The idea is to make the most of VLC even in daylight when indoor lighting would typically be turned off. What’s more, mobile users relying on VLC see how shining light to a receiver can drain their batteries. Using off-the-shelf, low-cost LEDs and photodiodes, the researchers came up with novel data encoding and LED driving schemes they presented in a paper, “The DarkLight Rises: Visible Light Communication in the Dark”

They had to tackle various challenges, such as designing an effective driving circuit that would react sufficiently fast (in nanoseconds) for minimal delay and to boost the gain of low cost photodiodes (for improved communication distance). They also optimized a lightweight modulation scheme to maximize the number of bits encoded within the ultra-low LED duty cycle and developed a robust demodulation scheme to reliably extract the bits from the light pulses.
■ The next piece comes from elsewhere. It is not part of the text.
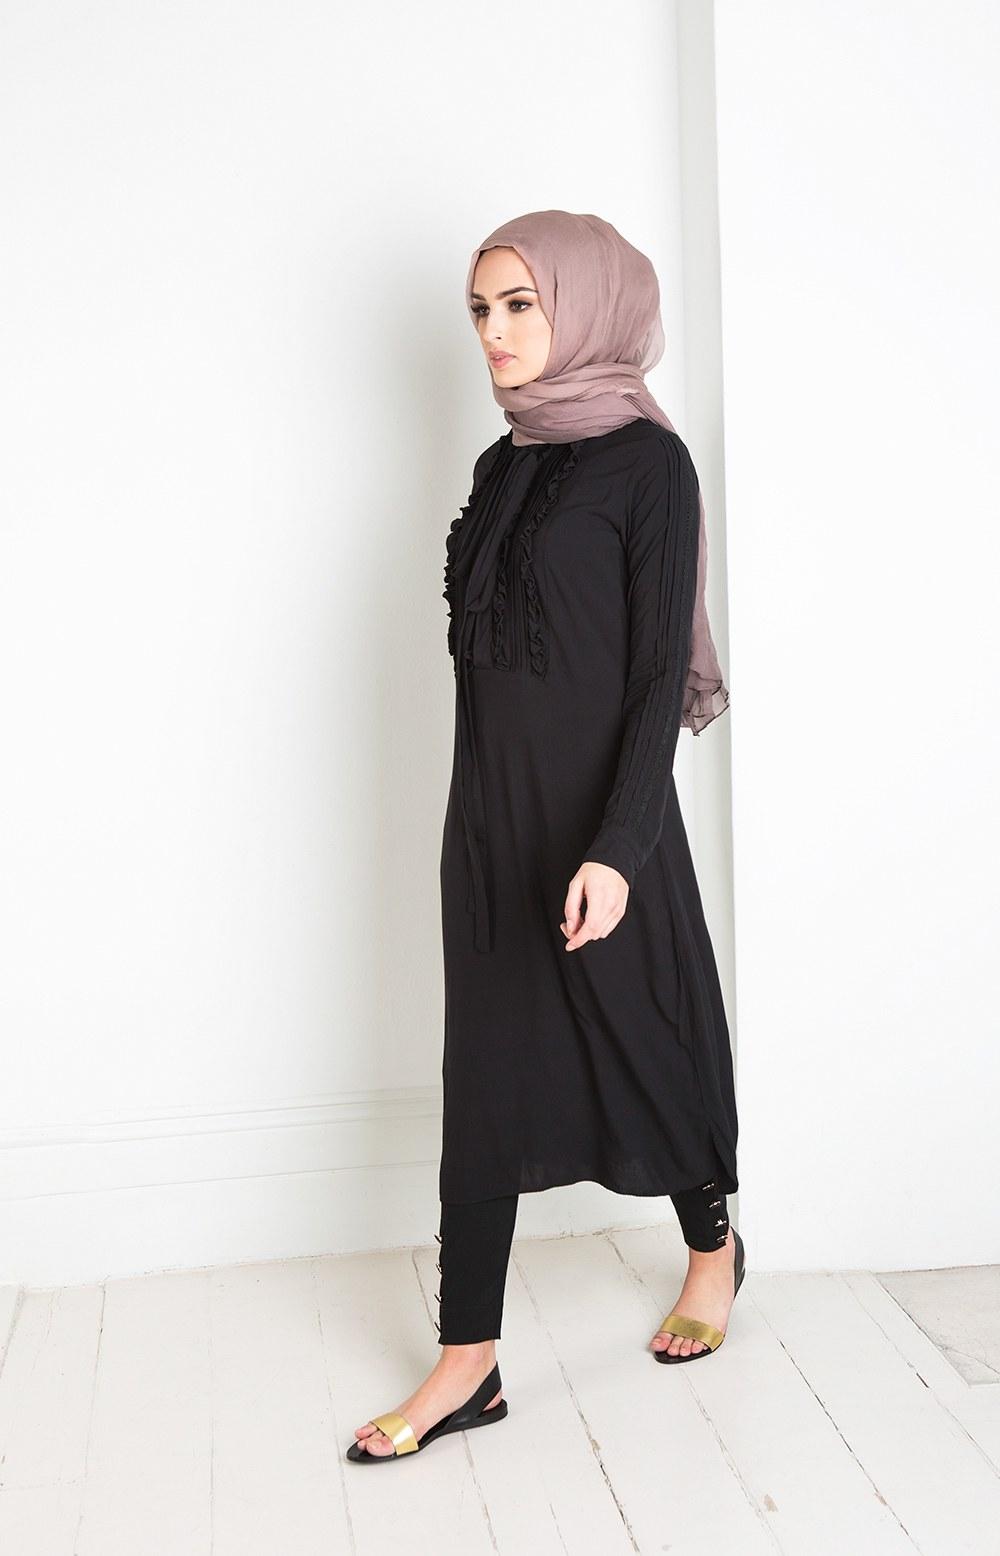 Ide Model Baju Lebaran Baru Budm 25 Trend Model Baju Muslim Lebaran 2018 Simple & Modis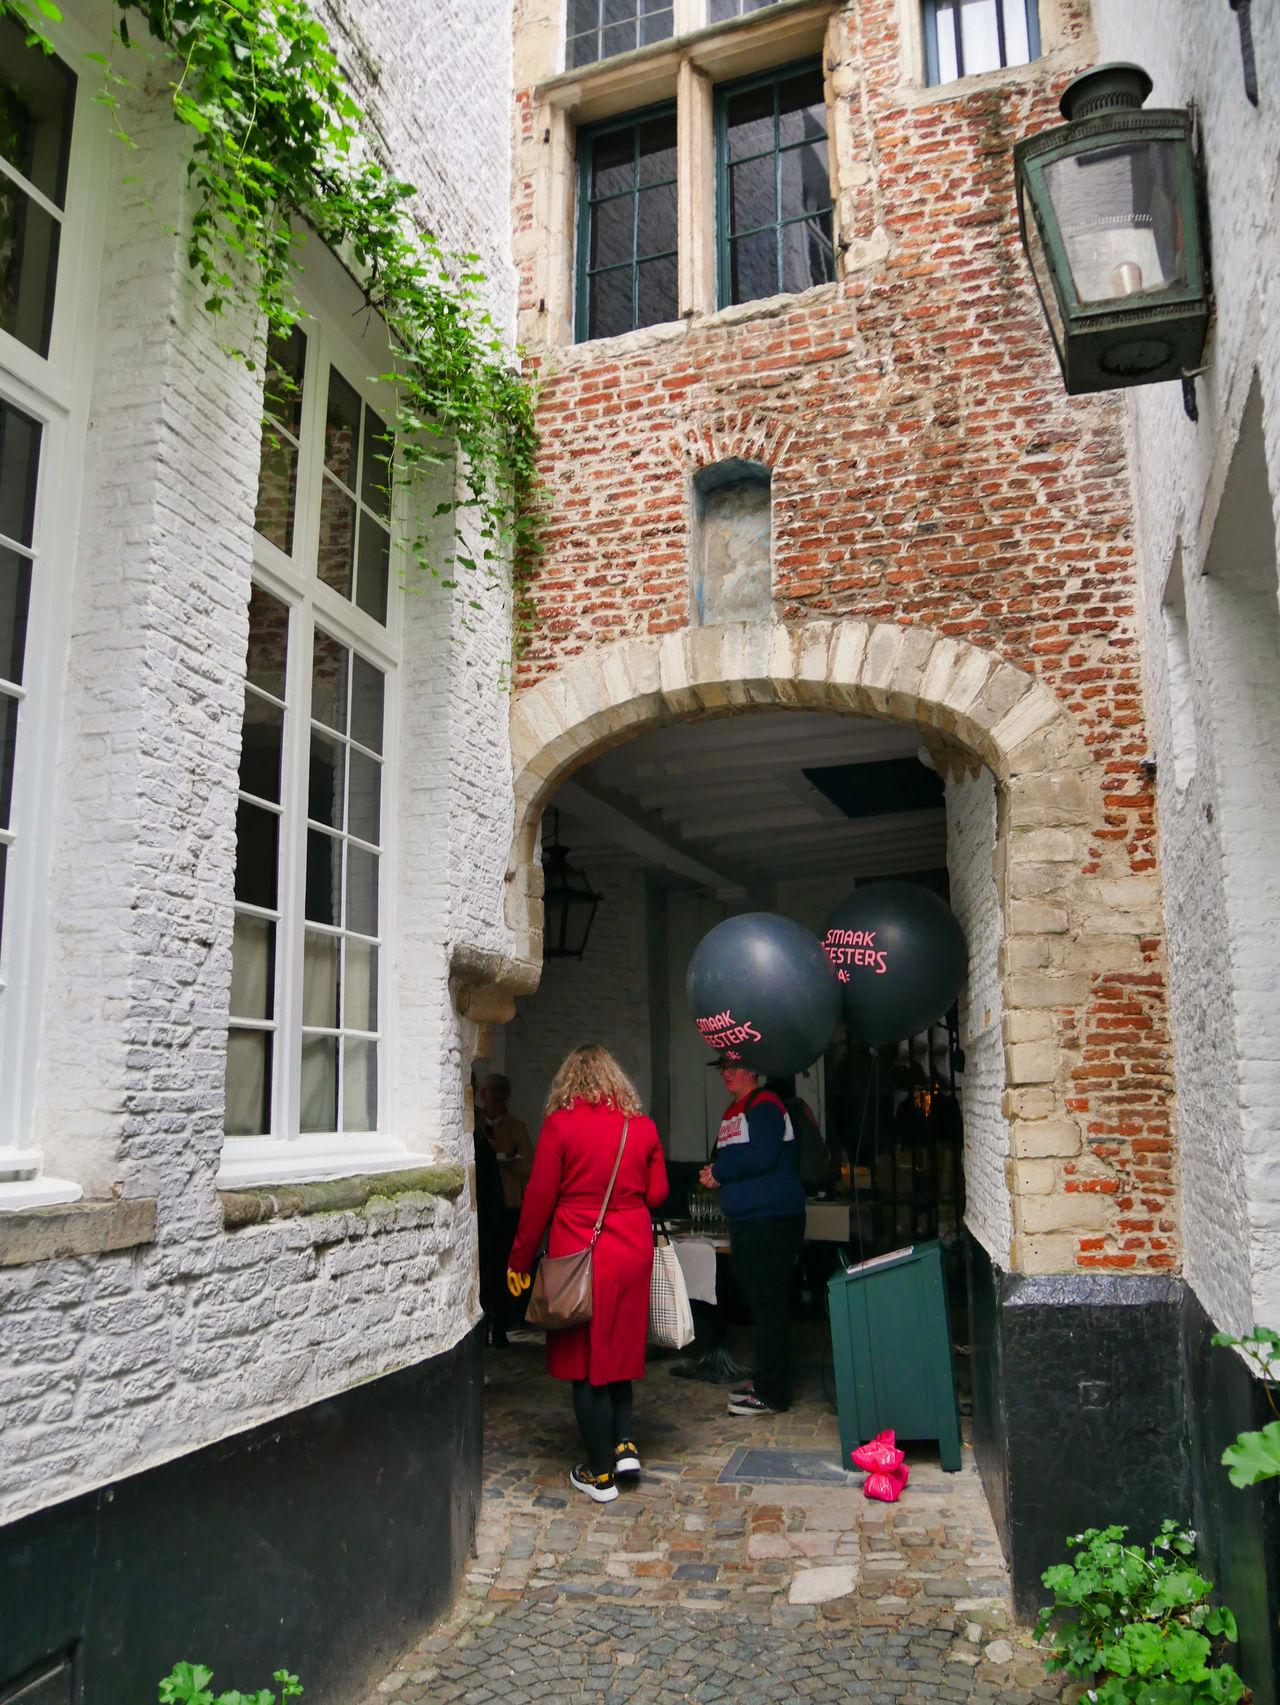 Restaurant Anthony van Dyck Antwerpen

“DarkLight”, as they call this invisible VLC implementation, achieves 1.6kbps data rate and supports up to 1.8m of communication distance while drastically reducing the power consumption of the LED front end from 19.8W to 104mW. They achieved that with 500ns light pulses and a LED duty cycle of only 0.007%, making the DarkLight LED indistinguishable from a LED in the “off” state.

They say DarkLight broadens the applicable scenario of VLC, as it could just be a special mode that a VLC link could seamlessly switch to, whenever perceptible light beams are not desired (in a sunny day or even at night when one would want to connect discreetly). This mode would allow light-based communication to be always-on, regardless of the actual light luminance.


Interestingly, DarkLight also adapts its LED duty cycle based on the ambient light, so that it can run at the maximum LED duty cycle while keeping its luminance imperceptible to human eyes (it uses look up tables based on an extensive study on user perception).

The researchers also looked at how a receiver could decode bits from light pulses emitted by multiple LEDs simultaneously, differentiating multiple simultaneous bit streams from different LEDs based on the fact that each LED has its own set of time slots for data encoding.

Next, the researchers hope to boost DarkLight’s data rate and range, exploring higher-end LEDs and photodiodes to figure out DarkLight’s ultimate limit. They may even consider more advanced driving circuit designs such as pulse shaping techniques to generate shorter and higher light pulses. The novel VLC encoding scheme could also be applied to IR, to lower IR energy for eye safety and this is also something they will be investigating.